### Work instruction
Please write out the whole listing that follows exactly; the pictures stay out.

### Given information
+-------+

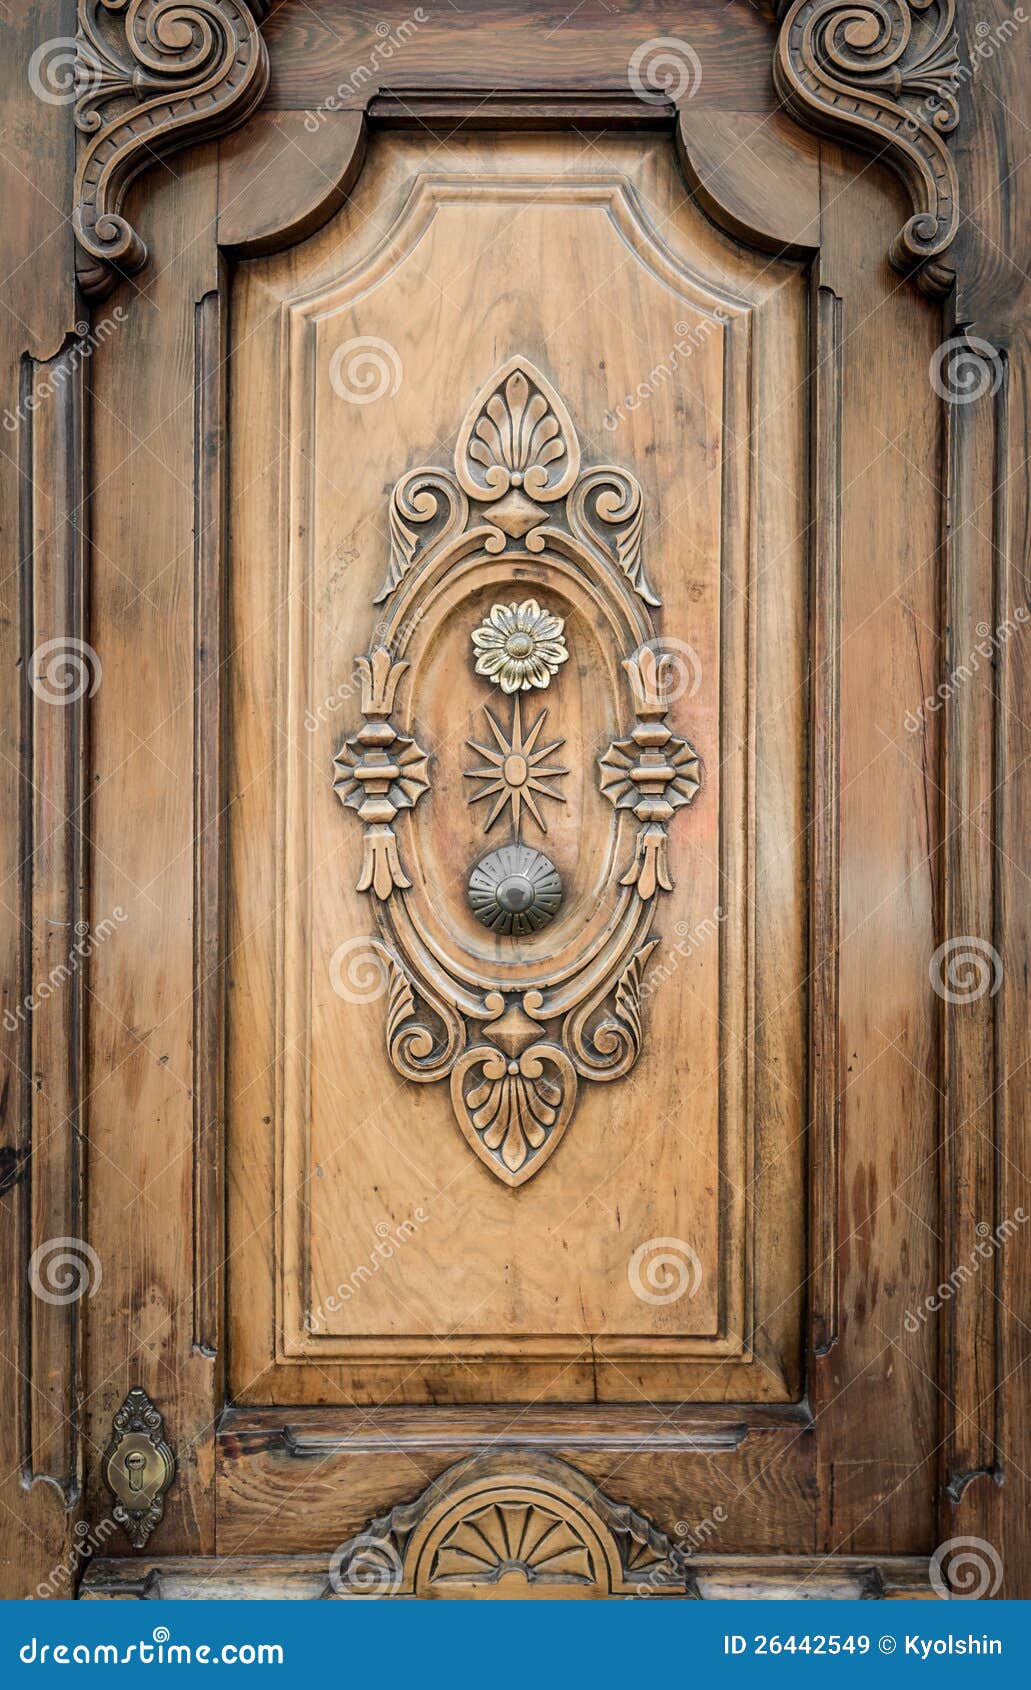 Old Door Of Wood With Patterns Carved On It. Royalty Free Stock ...
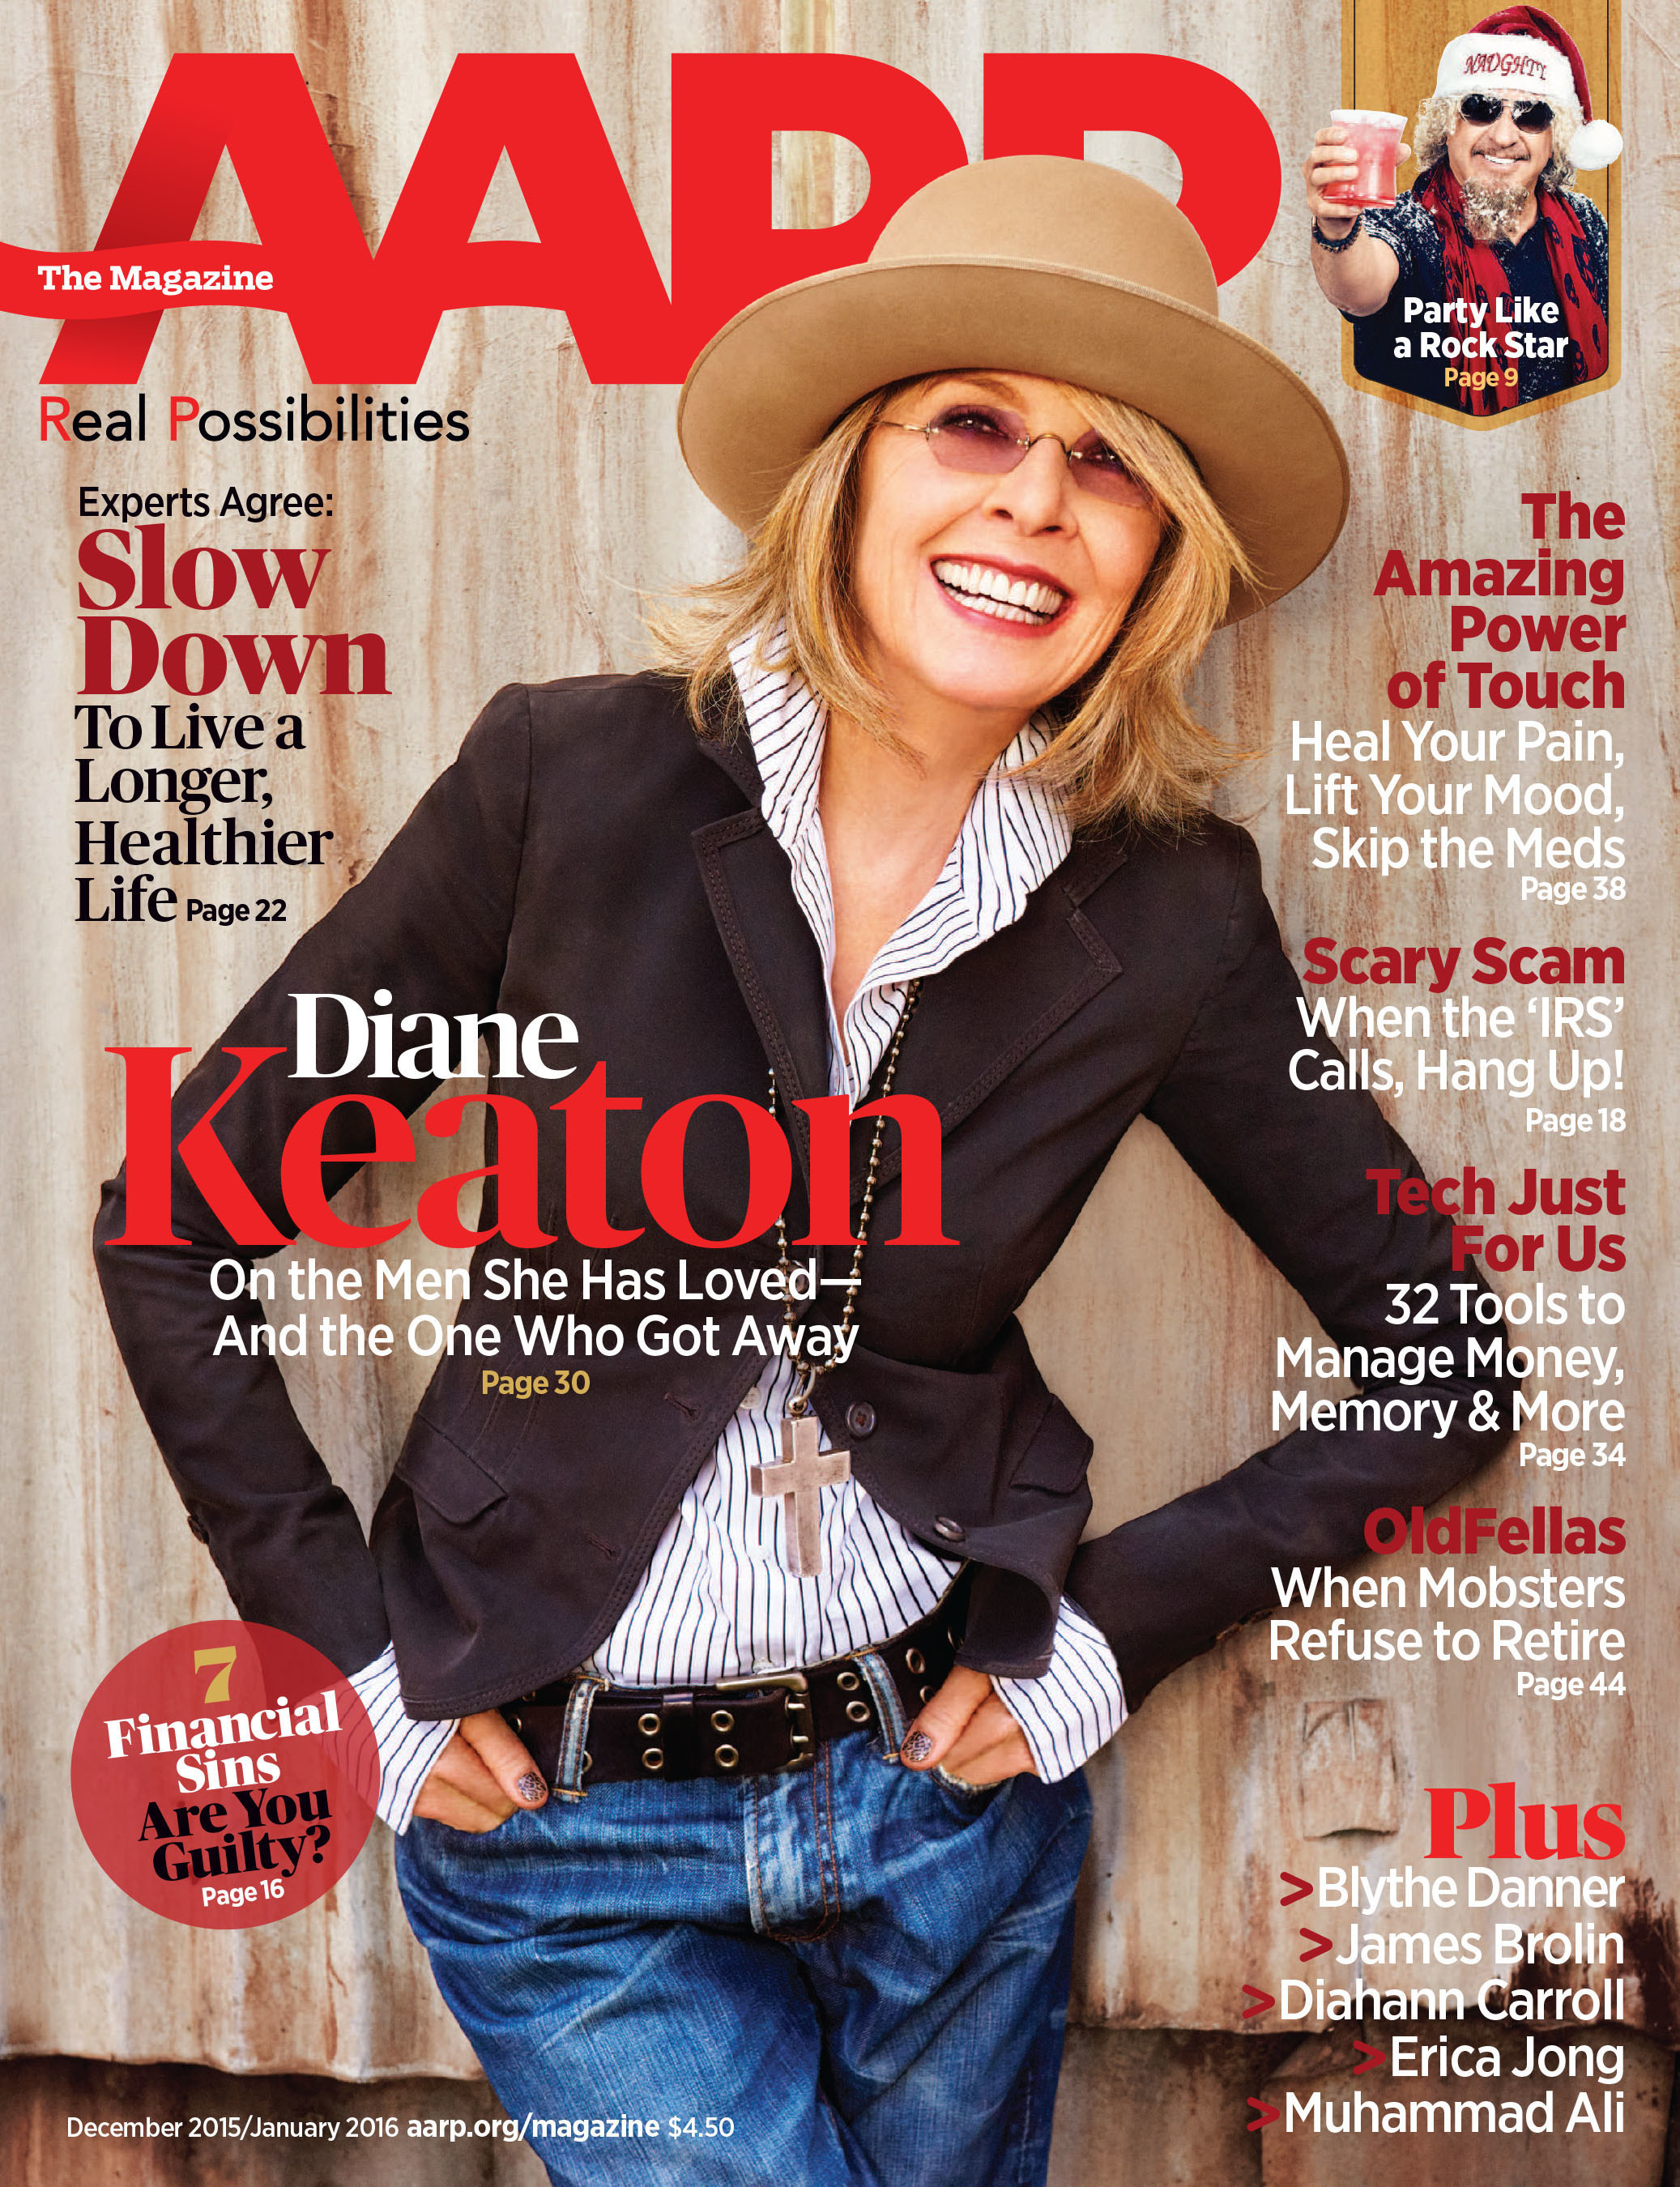 Actress Diane Keaton Talks Raising Kids At 69 And The Movie Stars She's Loved In The Latest Issue Of AARP - Lioness Magazin
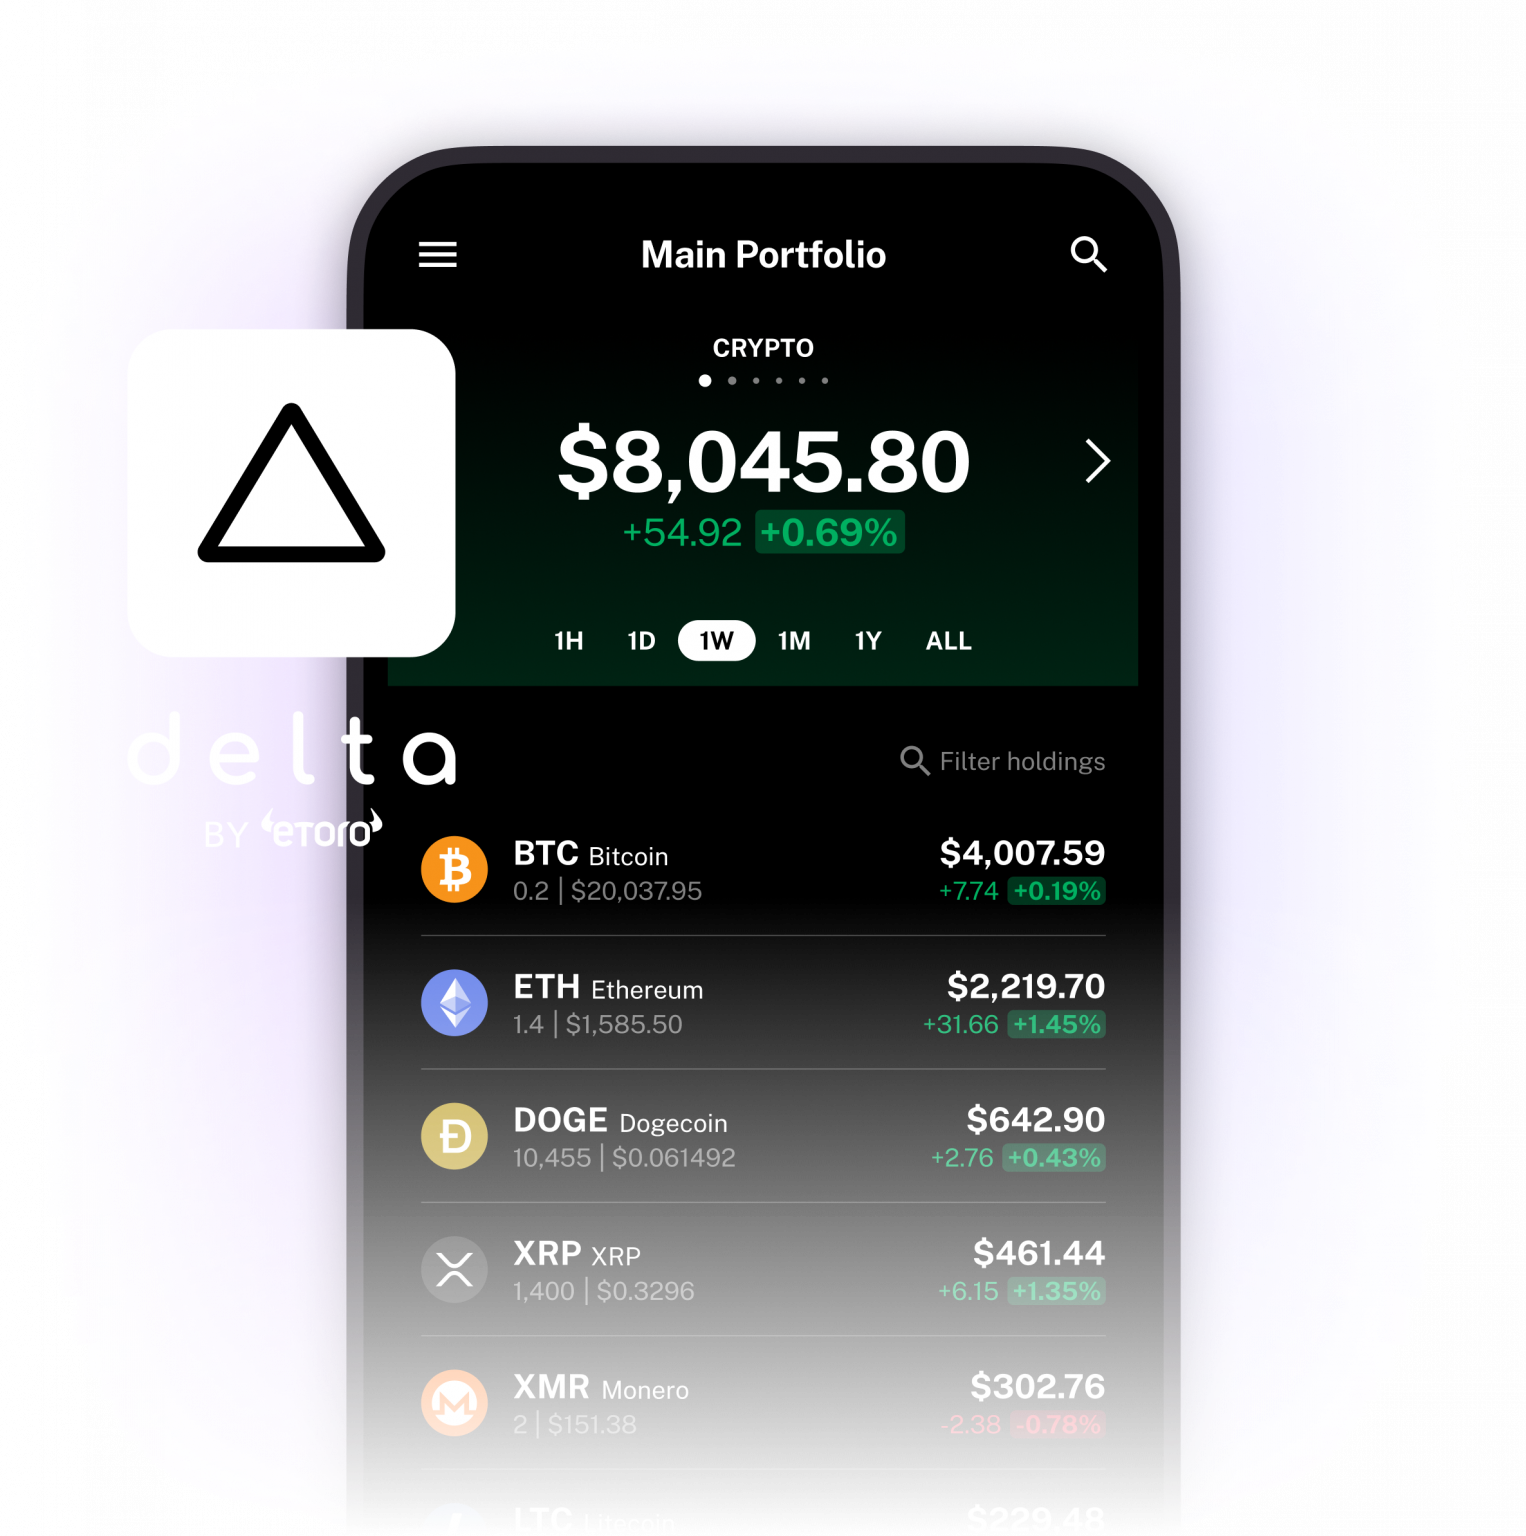 Delta App Example and how they inform users why crypto spiked today

+-------+

### Solution to the exercise
 Old Door Of Wood With Patterns Carved On It. Royalty Free Stock ...
 Actress Diane Keaton Talks Raising Kids At 69 And The Movie Stars She's Loved In The Latest Issue Of AARP - Lioness Magazin
 Delta App Example and how they inform users why crypto spiked today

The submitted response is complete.